Figure 4. Identification of the effector pathway downstream of mevalonate.

(a) Cardiomyocyte differentiation in EBs treated with DMSO (control) or 10 μM ATV, zaragozic acid (ZA), GGTI-2133 (GGTI) or FTI-277 (FTI) during days 3–6. Results were analysed as in Fig. 1c. (b) Real-time PCR of T expression in EBs treated with DMSO or 10 μM ATV, ZA, GGTI or FTI during days 3–4 and collected on day 4. Results were analysed as in Fig. 1b. *P < 0.05, **P < 0.001. *Zaragonic acid increased T and Lhx1 expression, which might be due to upregulation of HMGCR levels on day 3 and 4 (Supplementary Figure 3e). (c) Real-time PCR of T levels in EBs treated with DMSO or 10 μM ATV, with/without 12.5 μM farnesol (FOH), during days 3–5 and collected on day 5. Results were analysed as in Fig. 1b. (d) Representative 2D-PAGE images of farnesylated proteins detected with biotin-phosphine from ES cells and EBs that were left untreated (left) or treated with 10 μM FTI-277 (right) and analysed on day 4. Results are representative of three cultures. Black arrowheads, ~20 kDa farnesylated proteins; white arrowhead, EB-specific farnesylated protein. (e) Immunostaining to detect the localisation of Flag-Myc-tagged Lamin B1 (WT) or Lamin B1 (C-S mutant) in ES cells. Nuclei were visualised by Hoechst 33342 staining. Scale bars, 5 μm. (f) Real-time PCR of the indicated genes in the Lamin B1 WT, KO and REV EBs. EBs were collected at the indicated times and analysed as in Fig. 1b. *P < 0.05.

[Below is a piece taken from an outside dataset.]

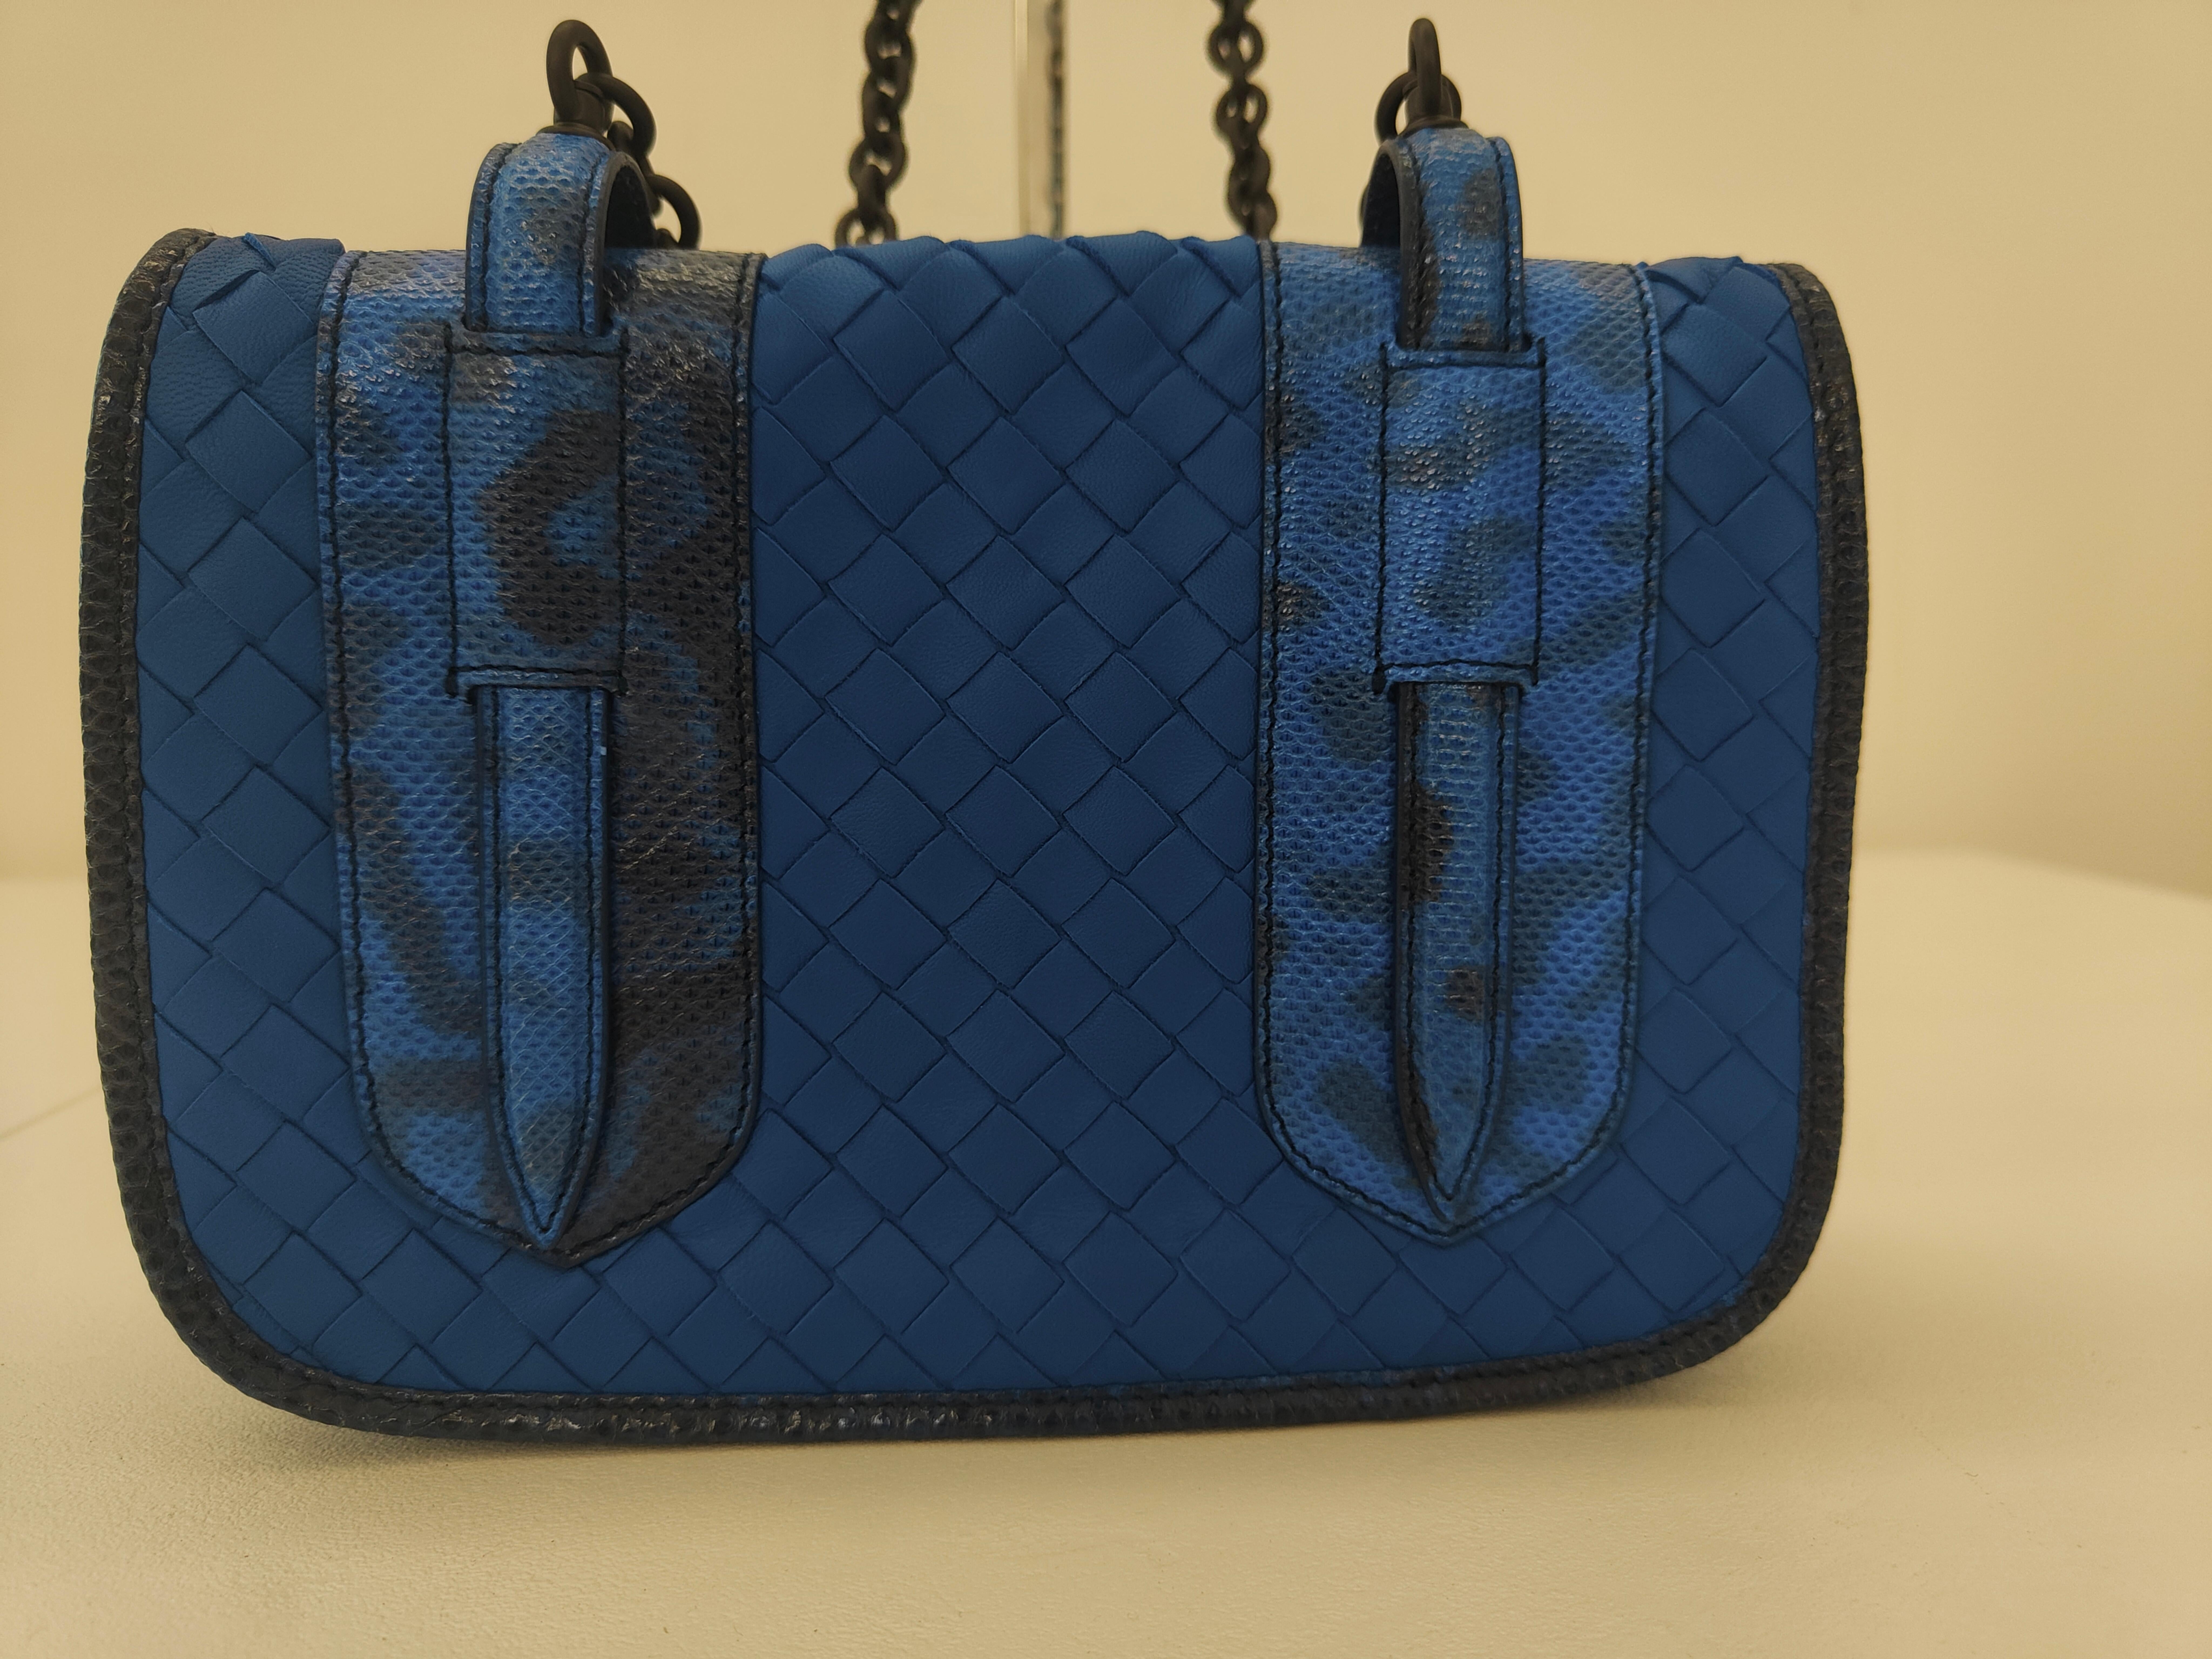 Bottega Veneta blue leather shoulder bag In Excellent Condition For Sale In Capri, IT

Figure 5. Involvement of the mevalonate pathway in primitive streak formation in mouse embryos.

Top: Schematic diagram of mouse embryonic development on the indicated days. Bottom: The mevalonate pathway produces farnesyl diphosphate for cholesterol synthesis, protein geranylgeranylation and protein farnesylation. The farnesylation of various proteins, including small G proteins and the nuclear protein Lamin B1, triggers primitive streak formation. Statins inhibit the induction of primitive streak genes by suppressing protein farnesylation. Consistent with our observations, Hmgcr KO mice and FTase KO mice are embryonic lethal at E8.5 and E7.5, respectively.